Just try running it on a password longer than 6 character and you will know how much time a bruteforce attack can take (I am considering a regular, ~2 GHz pc, not a cloud/cluster). Depending upon
the charcter set it could easily take a few minutes. So, sometimes its better to try a dictionary attack
before going for brute-force. You can use the -D option to do so
[shredder12]$ fcrackzip -u -D dict_file
As you can see this requires a dict_file, which is a simple text file with a single word in each line.
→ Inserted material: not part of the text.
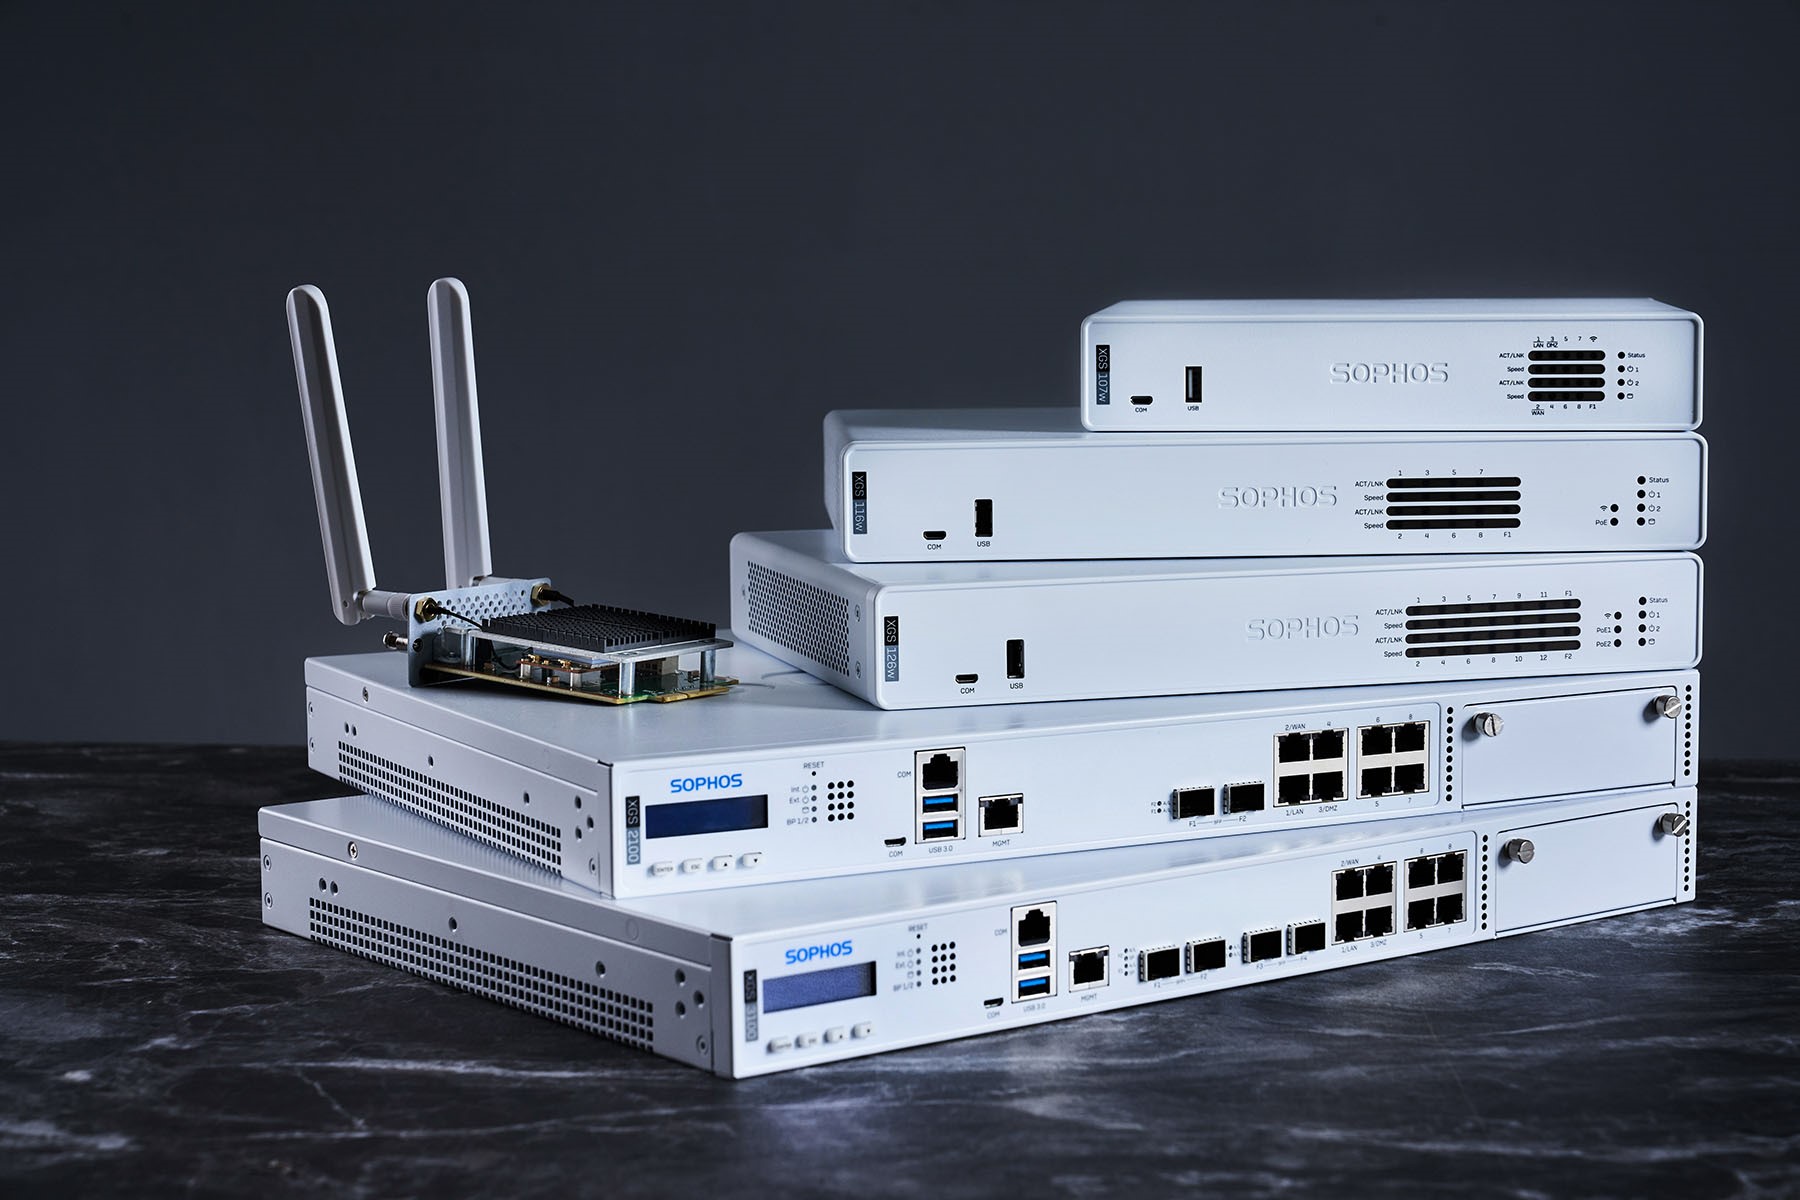 「HiNet SME 超寬頻整合服務」提供界首屈一指的「SOPHOS XGS Firewall」系列閘道器產品。
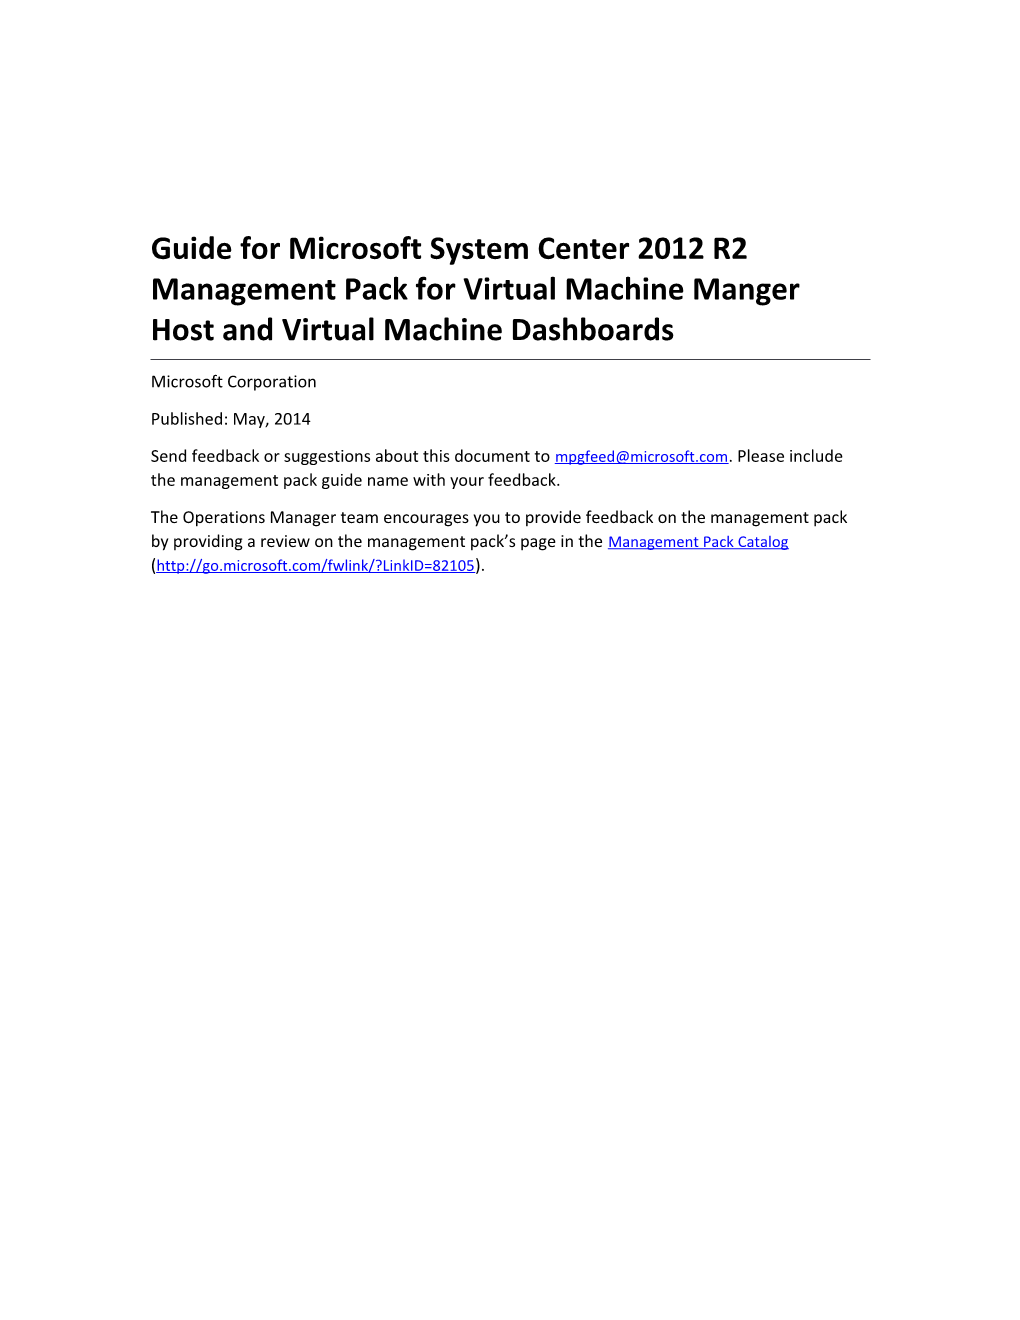 Guide for Microsoft System Center 2012 R2 Management Pack for Virtual Machine Manger Host

Specify a range of passwords

Say, you know that the password lies somewhere between 4-6 characters, then you can directly use
this knowledge to not waste computation on smaller length passwords. Use the --length or -l option.
[shredder12]$ fcrackzip -u -c aA1 -l 4-6
The syntax is pretty easy, min-max. This tells fcrackzip to start checking for passwords of min
length upto max. You can even omit the max option and only specify the minimum length.